Weaving all these threads into a comprehensive ad campaign is an exercise in cultural diplomacy and understanding that many wireless carriers are failing, says Roger Entner, program manager for the Yankee Group, a Massachusetts-based market researcher. "Many wireless carriers view Cinco de Mayo simply as a Latin American festival," laments Mr. Entner. "They don’t know that people from [countries other than Mexico] are as excited about Cinco de Mayo as the Russians are about the German Day of National Unity."
AT&T Wireless believes it has developed a strategy that communicates a consistent corporate message while addressing the divisions within the U.S. Hispanic market. The Washington-based company relies on "macro-campaigns" – marketing initiatives created and executed within local markets – to promote its products and services. In keeping with the company’s international marketing strategy, the focus remains on easy-to-use mobile devices and ready-to-go packages. Retail services, local promotions, and customer support services are tailored to suit individual markets.
"Your national strategy has to be aligned with a very comprehensive local market strategy. You have to have a grassroots effort in the local markets," says Rosa Alonso, director of multicultural marketing at AT&T Wireless. "And you have to have campaigns that appeal to specific groups."
THE BATTLE FOR LATIN AMERICA
The when-in-Rome approach also works as wireless companies penetrate the Latin American markets. According to Mario Carotti, Nextel’s vice-president of Latin American corporate communications, Nextel gained a foothold by fashioning itself into a homegrown institution. Local residents, not expatriate U.S. executives, make up each country’s workforce. Marketing campaigns and product promotions are customized in accordance with the buying preferences and usage patterns of local residents.
"Latin American people perceive Nextel as a domestic company in the same way they perceive Ford and Coca-Cola as domestic companies," says Mr. Carotti. "These are everyday names that are a part of everyone’s life and are as much local as they are international."
Industry privatization of formerly state-owned telephone companies has opened up gigantic opportunities as well as fierce competition, attracting the likes of Verizon Wireless, Bell South, and large Latin American players. With a population of 500 million and one of the highest online growth rates in the world, Latin America appears a ripe market for wireless services.

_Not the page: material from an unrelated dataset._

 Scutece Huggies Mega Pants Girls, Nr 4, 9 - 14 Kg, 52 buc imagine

At the same time, economic and political turmoil mean a bumpy ride for utility-related industries such as wireless. After the destabilization of Argentina’s banks in early 2002, for example, Mr. Carotti traveled door-to-door, meeting with subscribers in order to negotiate reasonable payment plans. "From the president to junior sales reps – each of us was assigned a group of clients with whom we had to speak face-to-face, to analyze what payment problems there were, what limitations there were to draw cash from the bank, and how to work it out," he says.

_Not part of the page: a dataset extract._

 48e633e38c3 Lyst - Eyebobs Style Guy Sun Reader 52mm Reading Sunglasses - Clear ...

Other bumps come from the telecom industry’s competitive pressures. In the mad rush for market share, many wireless companies focused on enlisting new subscribers rather than drafting a disciplined business strategy and conservative cost structure. Today, these companies are fast realizing that many of their subscribers are low-revenue generators, incapable of offsetting operational costs, especially in the midst of an economic slump. "If you already have a low-revenue subscriber and then your currency devalues 75 percent in one year, all of a sudden you just have a junk subscriber," warns Erica Eppinger, research director for Latin America at the Yankee Group.